黎可可的眼神,他一眼就可以分辨出来。

    原以为她会在这两个月后再恢复记忆,没想到,两个月的时间都不给他。今早在别墅里看到那熟悉的眼神,他有些不知所措。

    首先想到的,便是他又骗她了。

    他把她骗去照顾他,让她与他同一间别墅,同一个主卧住了一个多月。她说过,就算她死,她也不想见到他。

    是啊,就算她死,也不愿意见到他,见到他,脏了她的转世轮回路。

    车子在梅园外停下。

    林助理先一步下了车,走到后车座前将车门拉开。

    傅尧寒看了他一眼,示意了一下怀里的女人,“你抱欧若进别墅,放在三楼的客房。”

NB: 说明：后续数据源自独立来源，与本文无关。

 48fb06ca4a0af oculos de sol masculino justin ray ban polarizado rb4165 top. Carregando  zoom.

    二楼的主卧,二楼的客房,都曾经是他和她一起住过的房间。三楼是新的客房,她应该不会嫌弃的。

    林助理愣了几秒钟,好一会儿才反应过来。

    傅总让他抱夫人?

    林助理还是依照吩咐做了。

    他小心翼翼地去抱傅尧寒怀里的欧若,手刚碰到女人的胳膊,欧若便睁开眼睛醒了。见欧若醒了,林助理也舒了一口气。

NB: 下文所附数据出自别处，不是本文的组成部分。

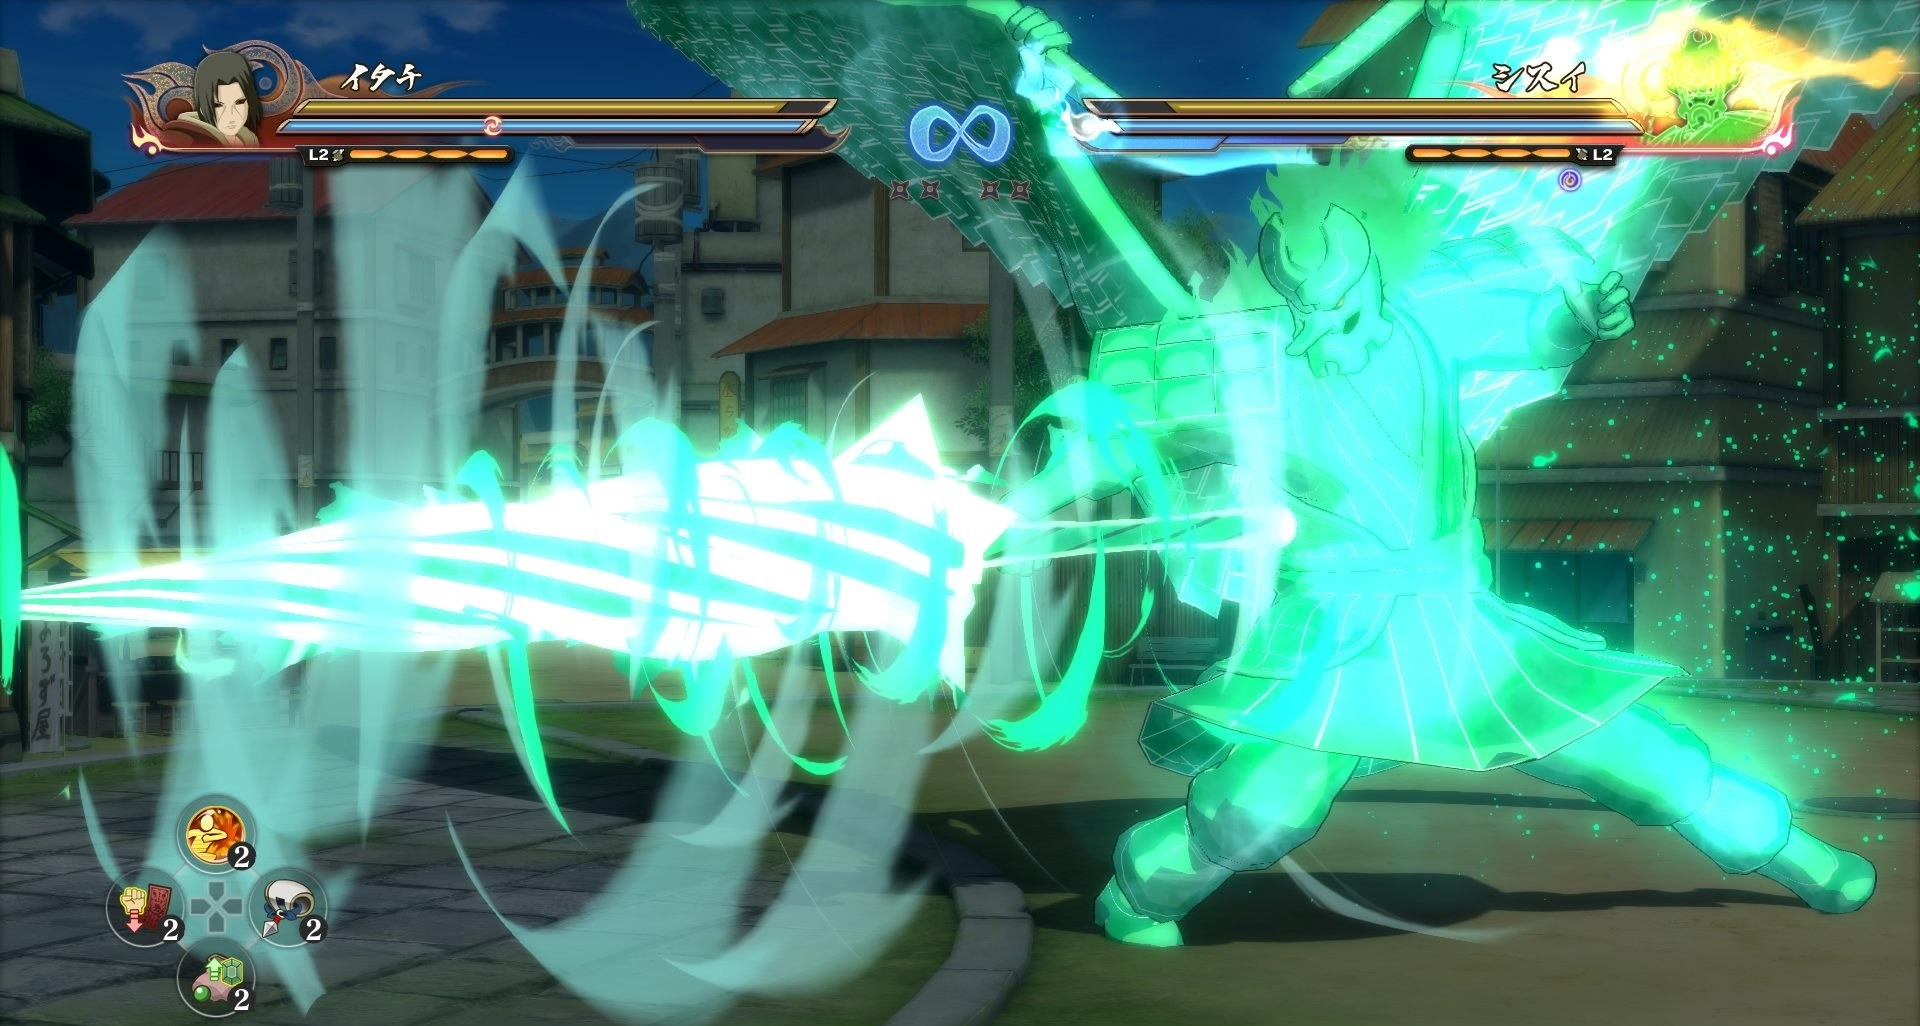 Naruto-Storm-4-6 Naruto Storm 4:Mükemmel Susanoo Shisui ve Itachi Ekran Görüntüleri

    以前傅总可是从来不让别的男人碰夫人,他也不敢碰。

    “到了吗?”欧若睡眼惺忪地问。

    傅尧寒见她醒了,便有意识地往车门的方向挪了一步,与她产生了一些距离。他点了一下头,“到了。”

    男人先一步下了车,等她下车后,傅尧寒才抬脚往梅园院子里走。他说:“这是我在京城经常住的地方,如果你不喜欢,我可以让林助理安排……”

    “我喜欢。”欧若打断他的话,便凑到他身旁,挽上他的手臂。在她挽上他手臂的那刻,她明显感觉到他身子的僵硬。

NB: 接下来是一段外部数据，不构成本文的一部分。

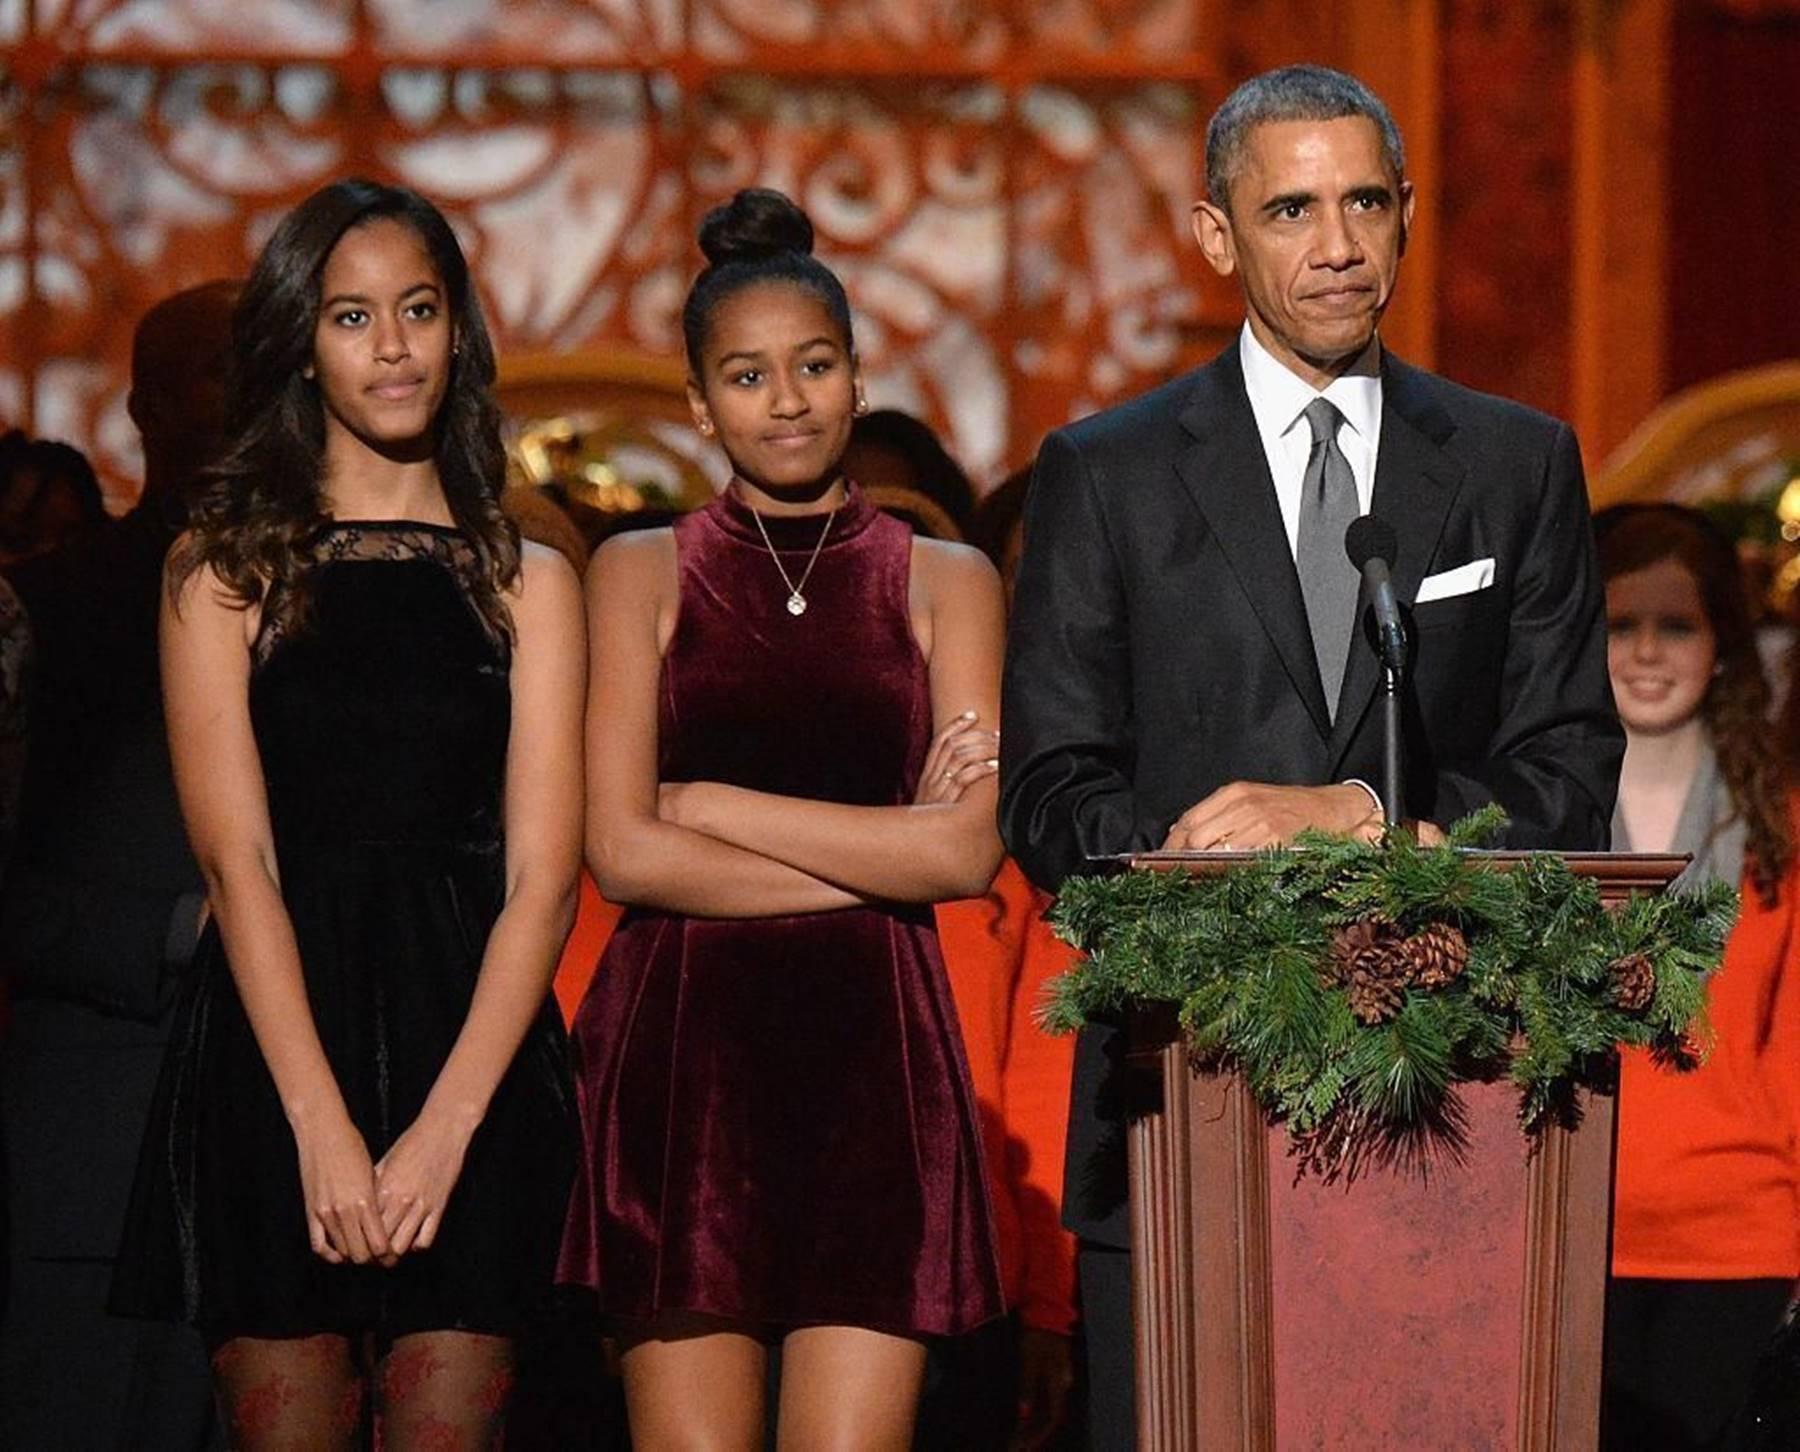 Barack Obama's Daughter Sasha Reveals Her University Pick ...

    感觉到了,但欧若没有表现出来。她还是乐呵呵地与他一起进了别墅,在玄关换了鞋。

    吴妈迎了过来,“先生小姐,需要准备夜宵吗?”

    傅尧寒:“您给欧小姐准备一点,我不吃了。另外,您把三楼的客房收拾一下,给欧小姐和七月小姐住。”

    “小姐她不和您……”

    吴妈话还没说完,便咽了下去。先生不喜欢别人干涉他的事情,她很早前就知道。但先生和小姐以及小小姐一起在梅园住了一段时间,这一个多月没有见到人,难道是又吵架了?

    待傅尧寒的身影消失在二楼的楼梯口,吴妈才将视线收回来。

    妇人偏过头,看向欧若。进门时还一张天真无邪笑脸的女孩,此刻褪去了笑容,望着二楼的方向眼内显出几分忧伤。

    “小姐,我给您去准备夜宵。”

    “不用了吴妈。”欧若喊住她,“我不饿,您早些休息。三楼的客房您不用收拾,七月上去弄就可以了。”

    七月站在欧若身旁,点点头,“嗯,我去收拾就可以了。”

    吴妈似懂非懂,也就听从吩咐。“好吧,小姐那您早些睡,我先下去了。”

    欧若“嗯”了一声。

    别墅里很安静,没有其他的声音。

    欧若和七月一前一后进了客厅,相继在沙发上坐下。回京城之前,欧若便与七月说了她记起来了。此刻坐在欧若身旁,七月凝着她的脸皱了皱眉,“小姐,您现在打算做什么?回伦敦吗?”

    “七月。”欧若掀开眸子,她看向七月,“你有没有觉得,傅尧寒好像怕我?”

    这种感觉,在他们一起达到奥特兰斯的时候,七月就看出来了。尤其是傅尧寒与欧若两个人相处,那个男人总是恭谨得有些令人不解。

    他眼里充满了对欧若的深爱,行动上却表现不出半分心底的爱,能看出几分的,也只是疼惜而已。

    仿佛他碰欧若一下,就是脏了她。

    “小姐,傅先生对你应该是出于尊重,他尊重你。”

    “可我和他是夫妻,领了证的夫妻。就算在我失忆期间,我也与他说过想要和他在一起。在一起,那就是情侣关系。情侣之间需要这么严谨的尊重吗?”

    这一点,七月也不清楚。

    她问:“小姐,你是真心想要和傅先生在一起吗?不是因为他拼命救了你,你心存感恩……”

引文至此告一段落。